🤖 AI Summary
To address the excessive computational overhead of large-scale instance segmentation models on resource-constrained platforms (e.g., mobile devices), this paper proposes an efficient lightweighting framework. Our method introduces a multimodal bottleneck pixel decoder that fuses visual and linguistic features; incorporates a language-guided uncertainty calibration loss to enable accuracy-preserving, adaptive pruning of Transformer decoders; and adopts a unified training strategy to jointly optimize multimodal fusion, pruning, and uncertainty modeling. Experiments demonstrate that, with only one-third of the original training iterations, our approach reduces FLOPs of the pixel decoder and Transformer decoder by 55% and 75%, respectively, while maintaining state-of-the-art segmentation accuracy.
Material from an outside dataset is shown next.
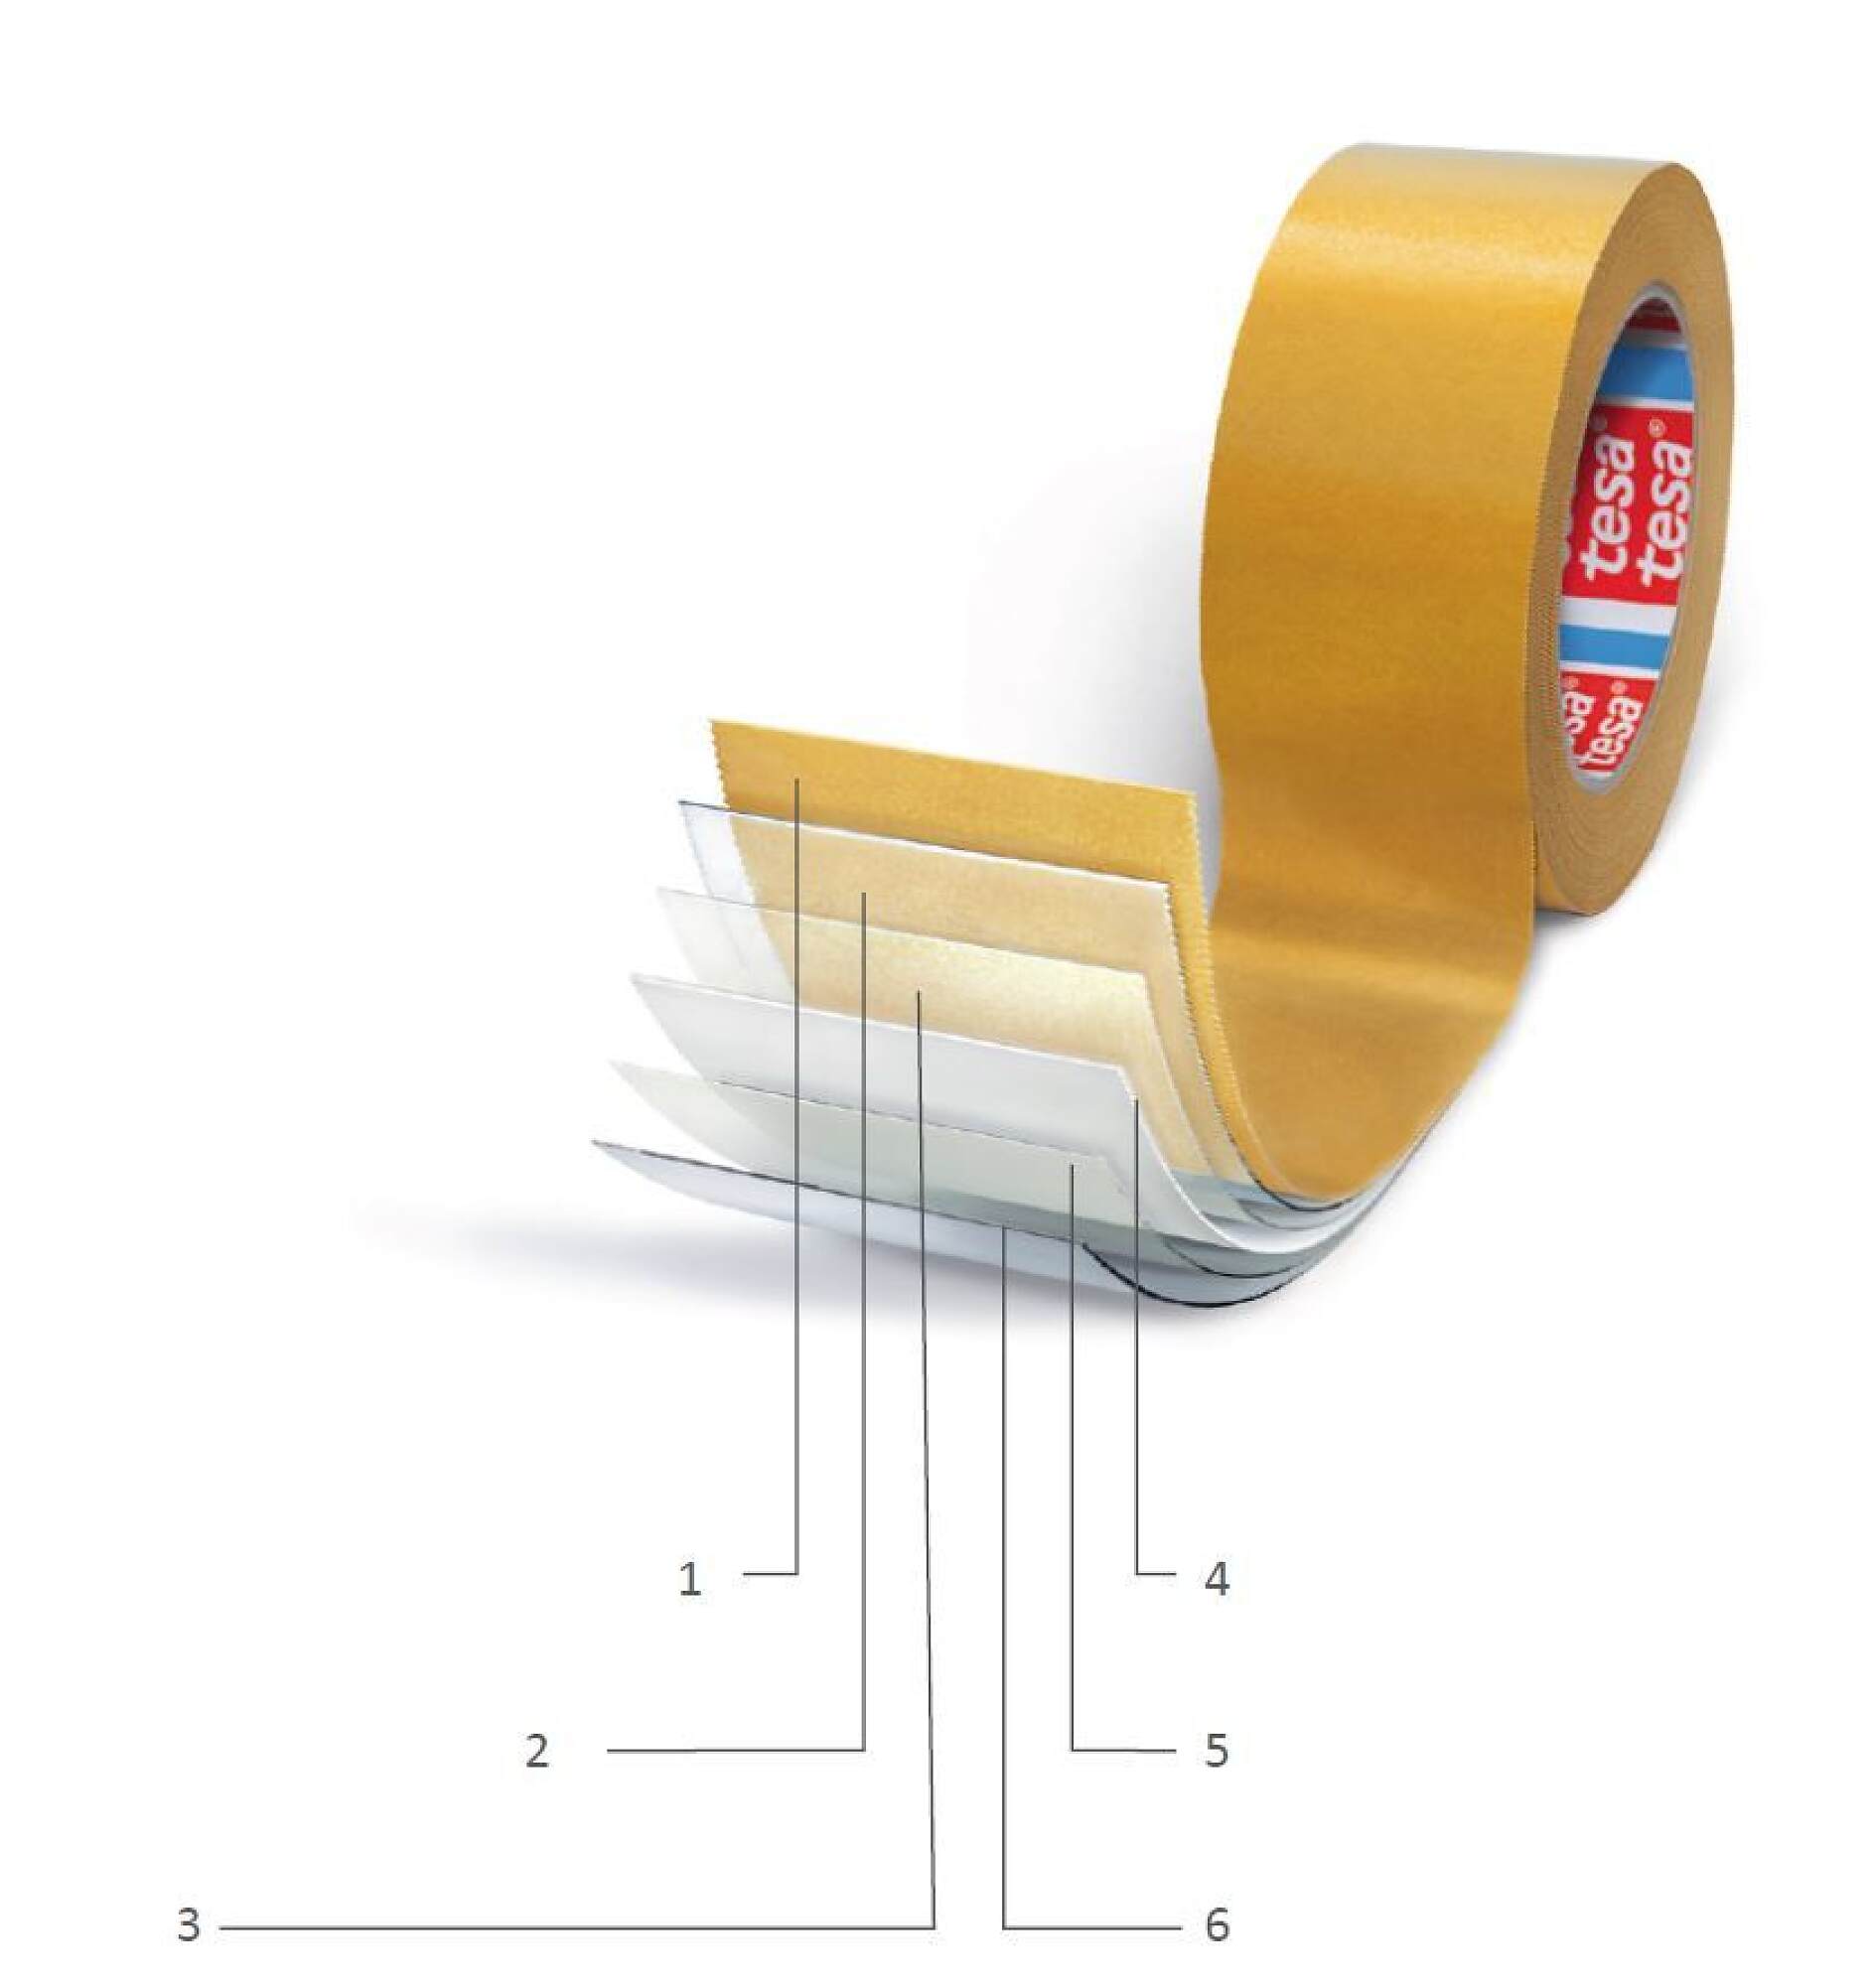 Double-coated Tape with Excellent Adhesion to Rough Surfaces, Such

This significantly enhances deployment efficiency and cross-platform generalization—from GPU servers to mobile devices—without compromising performance.
📝 Abstract
Scaling up model size and training data has advanced foundation models for instance-level perception, achieving state-of-the-art in-domain and zero-shot performance across object detection and segmentation. However, their high computational cost limits adoption on resource-constrained platforms. We first examine the limitations of existing architectures in enabling efficient edge deployment without compromising performance. We then introduce MOBIUS, a family of foundation models for universal instance segmentation, designed for Pareto-optimal downscaling to support deployment across devices ranging from high-end accelerators to mobile hardware. To reduce training and inference demands, we propose: (i) a bottleneck pixel decoder for efficient multi-scale and multi-modal fusion, (ii) a language-guided uncertainty calibration loss for adaptive decoder pruning, and (iii) a streamlined, unified training strategy. Unlike efficient baselines that trade accuracy for reduced complexity, MOBIUS reduces pixel and transformer decoder FLOPs by up to 55% and 75%, respectively, while maintaining state-of-the-art performance in just a third of the training iterations. MOBIUS establishes a new benchmark for efficient segmentation on both high-performance computing platforms and mobile devices.